- **Data excerpt**:
========================================
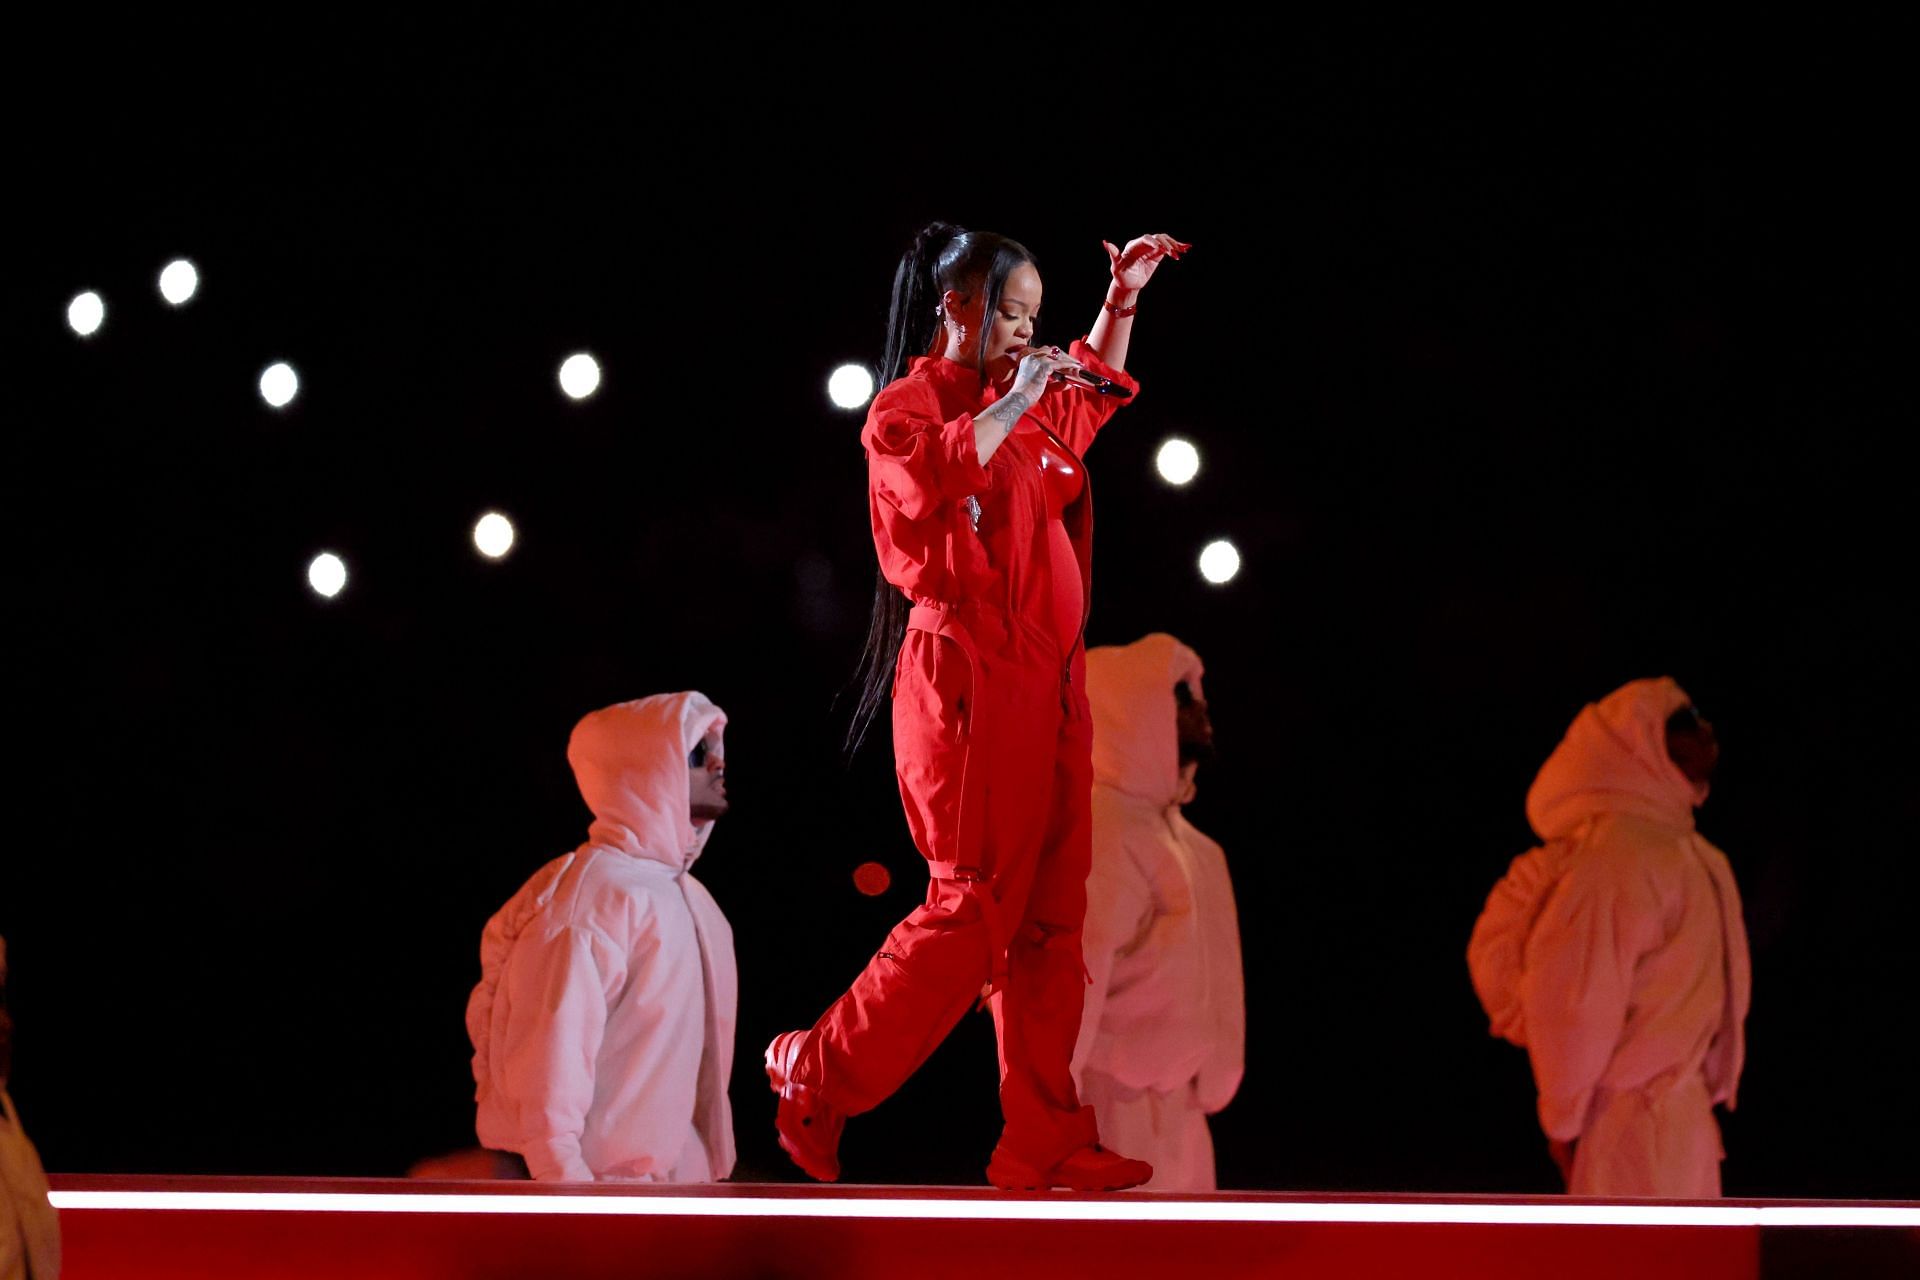 Rihanna performs onstage during the Apple Music Super Bowl LVII Halftime Show at State Farm Stadium
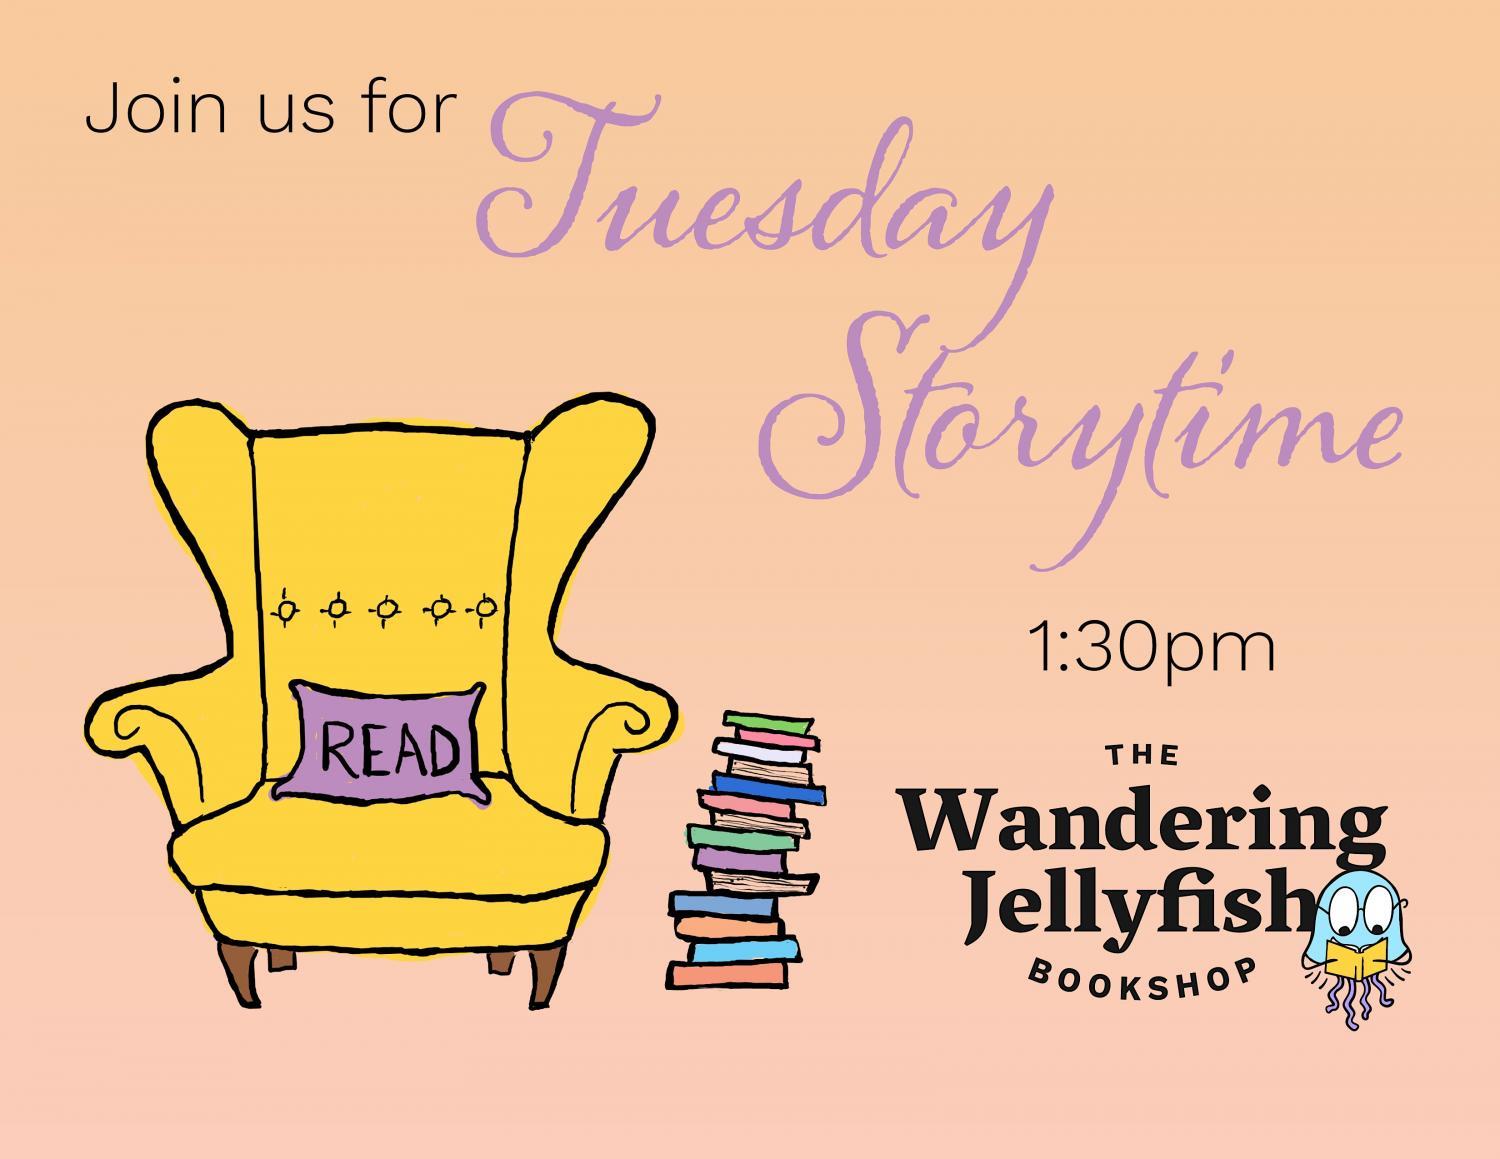 Tuesday Afternoon Storytime at The Wandering Jellyfish Bookshop
Tue Oct 11, 1:30 PM - Tue Oct 11, 2:00 PM
========================================
Could the data above be repeated exactly, with every picture dropped?

 Rihanna performs onstage during the Apple Music Super Bowl LVII Halftime Show at State Farm Stadium
 Tuesday Afternoon Storytime at The Wandering Jellyfish Bookshop
Tue Oct 11, 1:30 PM - Tue Oct 11, 2:00 PM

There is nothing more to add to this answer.